- _Exercise details_: Write out exactly the lines below from the one containing "Las ciudades valencianas" to the last, both ends kept, and nothing more; skip all pictures.
START Source material
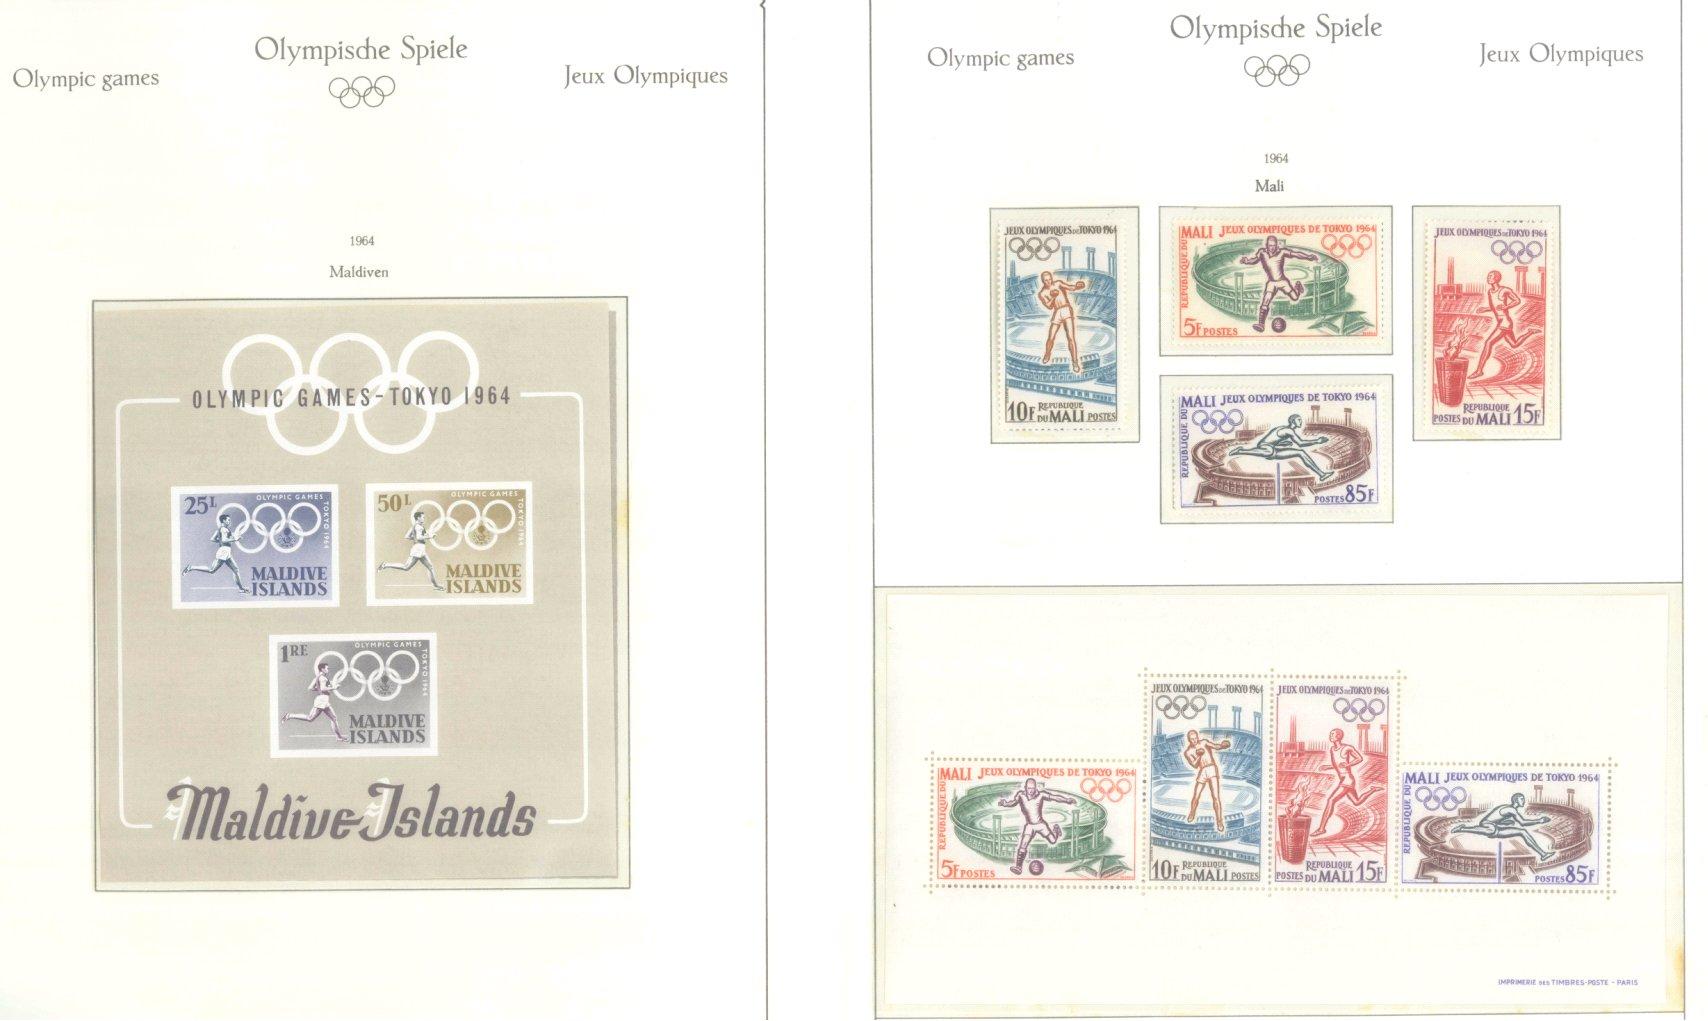 OLYMPISCHE SPIELE 1964 TOKIO, postfrische Sammlung Teil 1-45
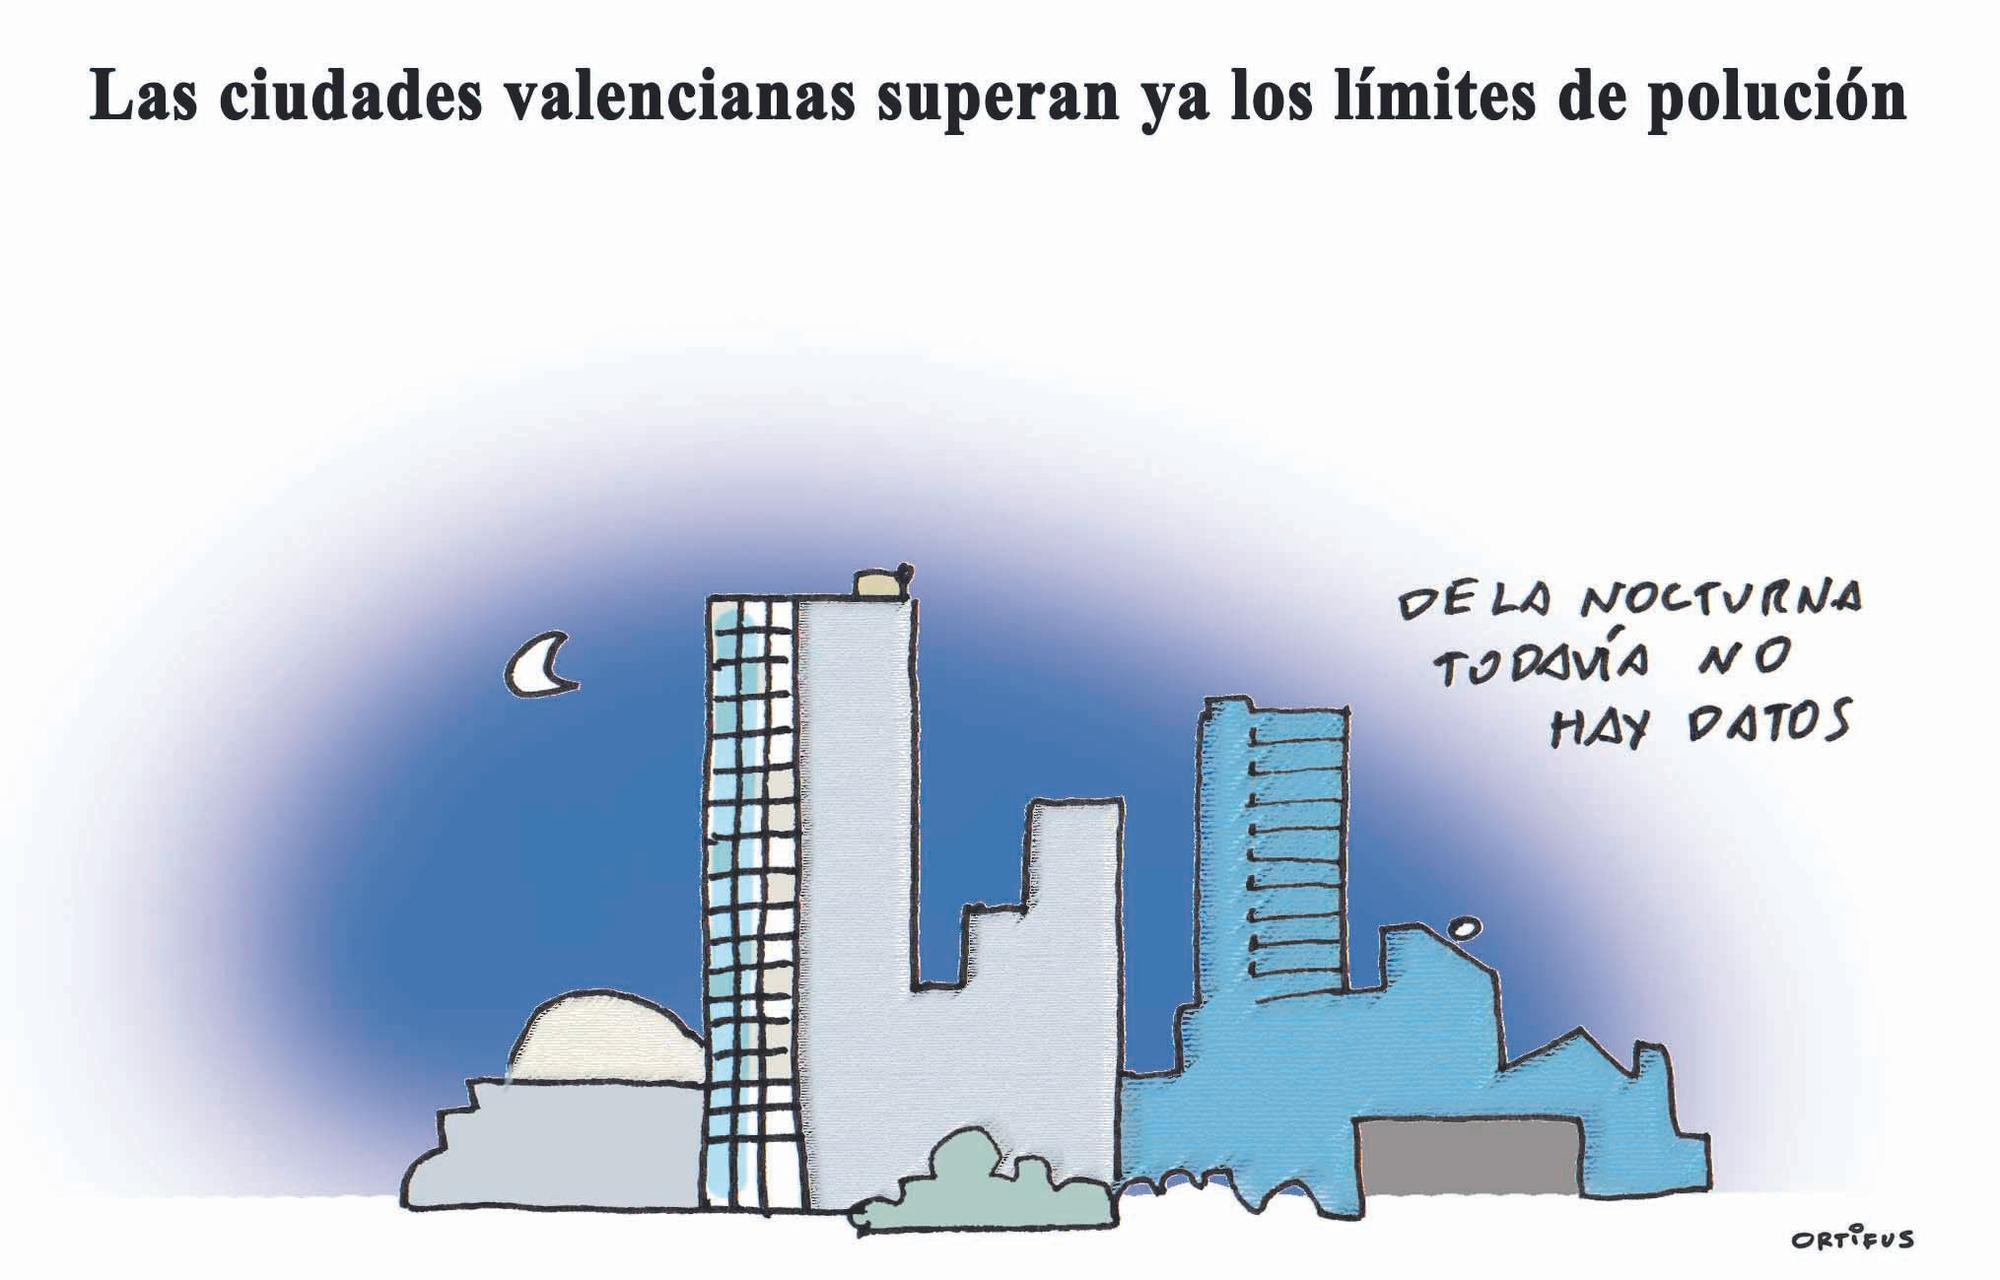 Las ciudades valencianas superan ya los límites de polución
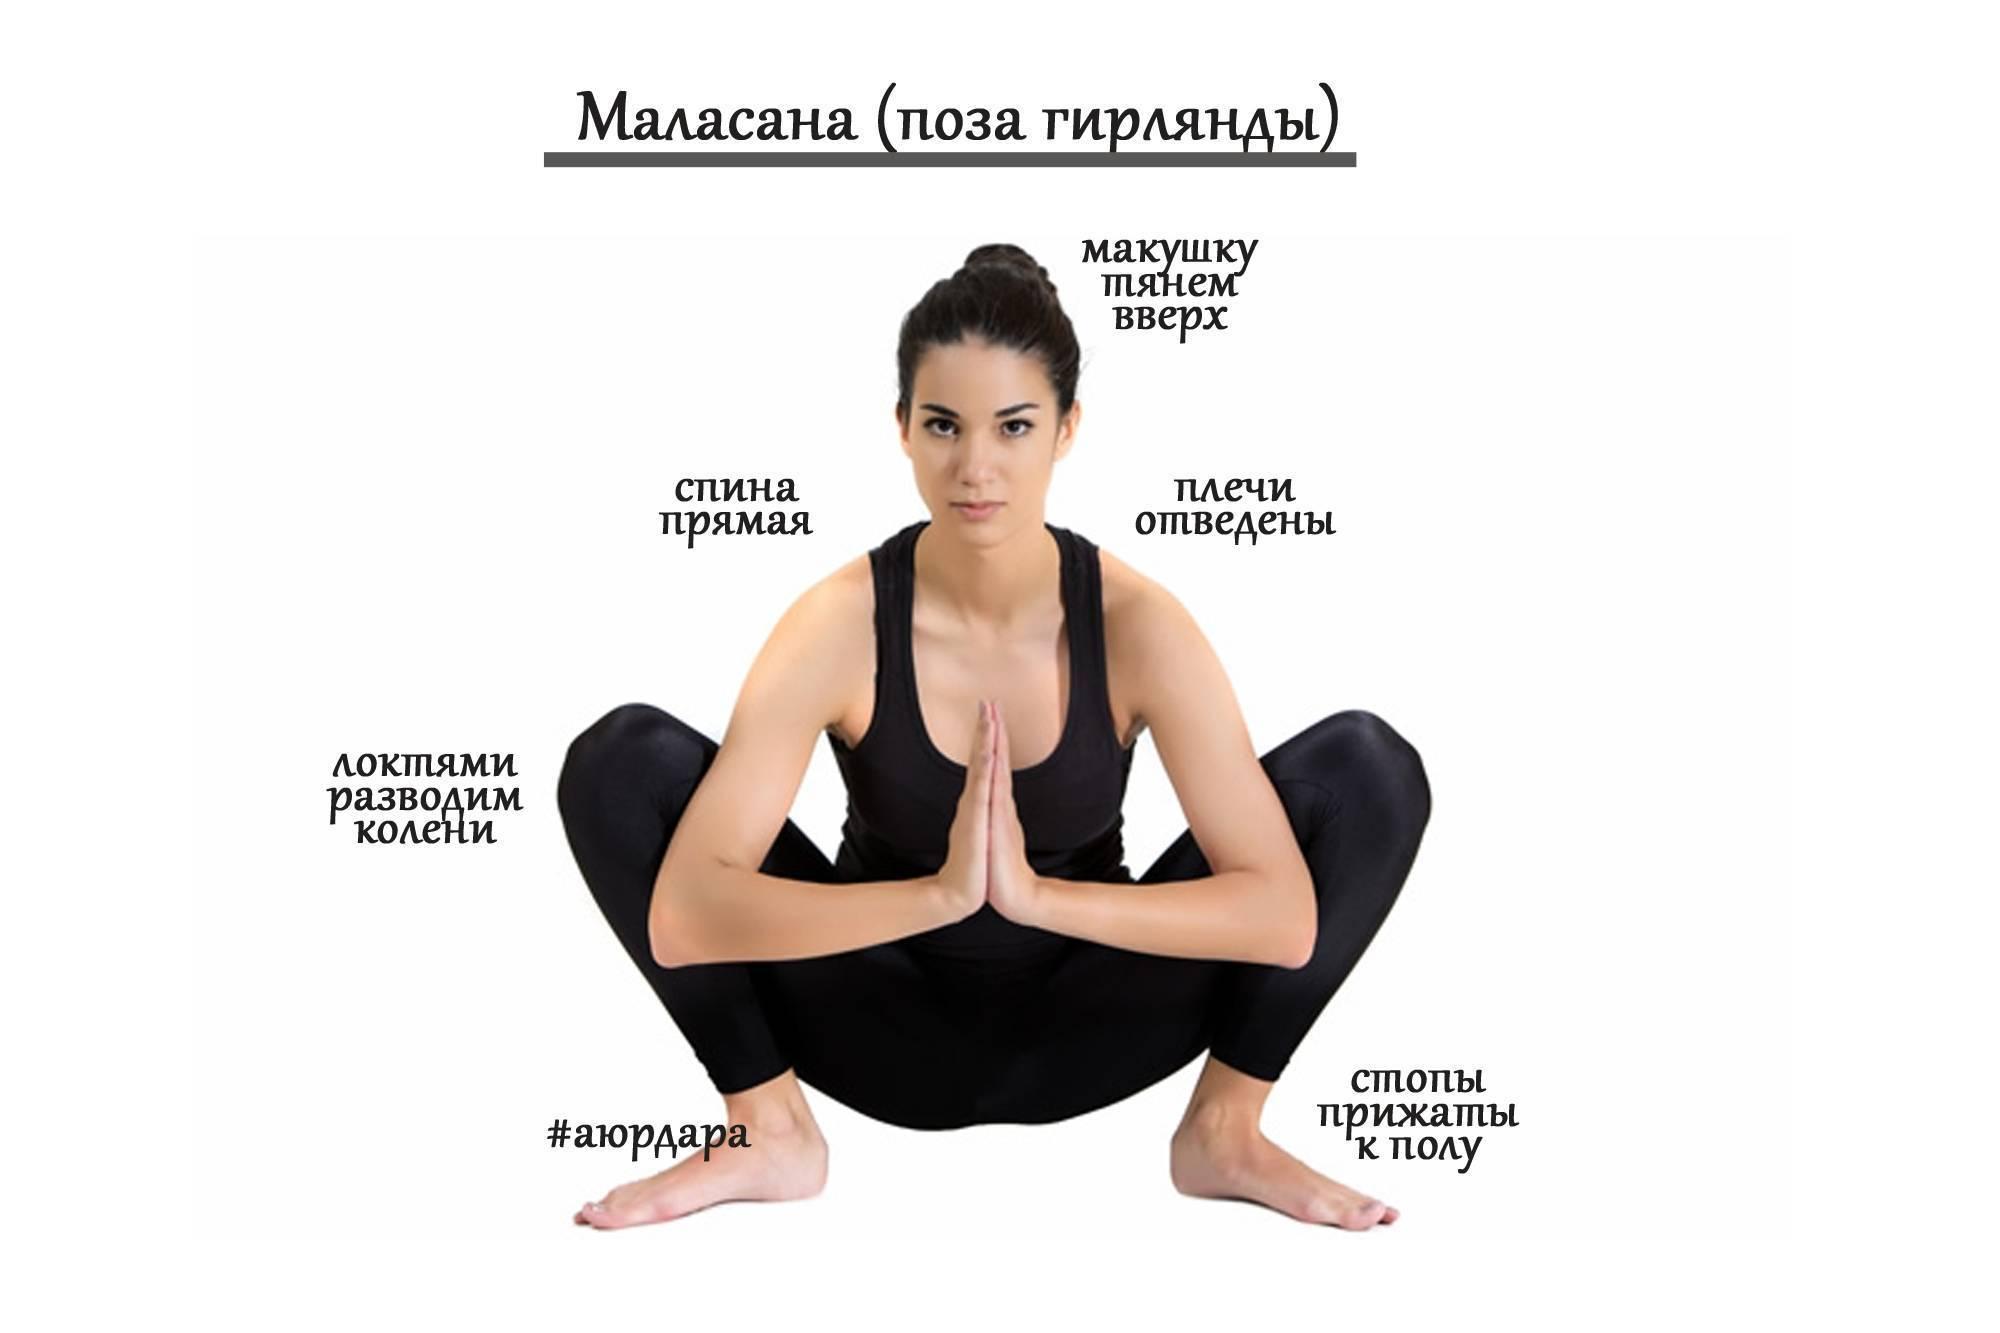 Шалабхасана: полная техника выполнения позы саранчи в йоге с фото и видео
END Source material
- _Answer space_:
 Las ciudades valencianas superan ya los límites de polución
 Шалабхасана: полная техника выполнения позы саранчи в йоге с фото и видео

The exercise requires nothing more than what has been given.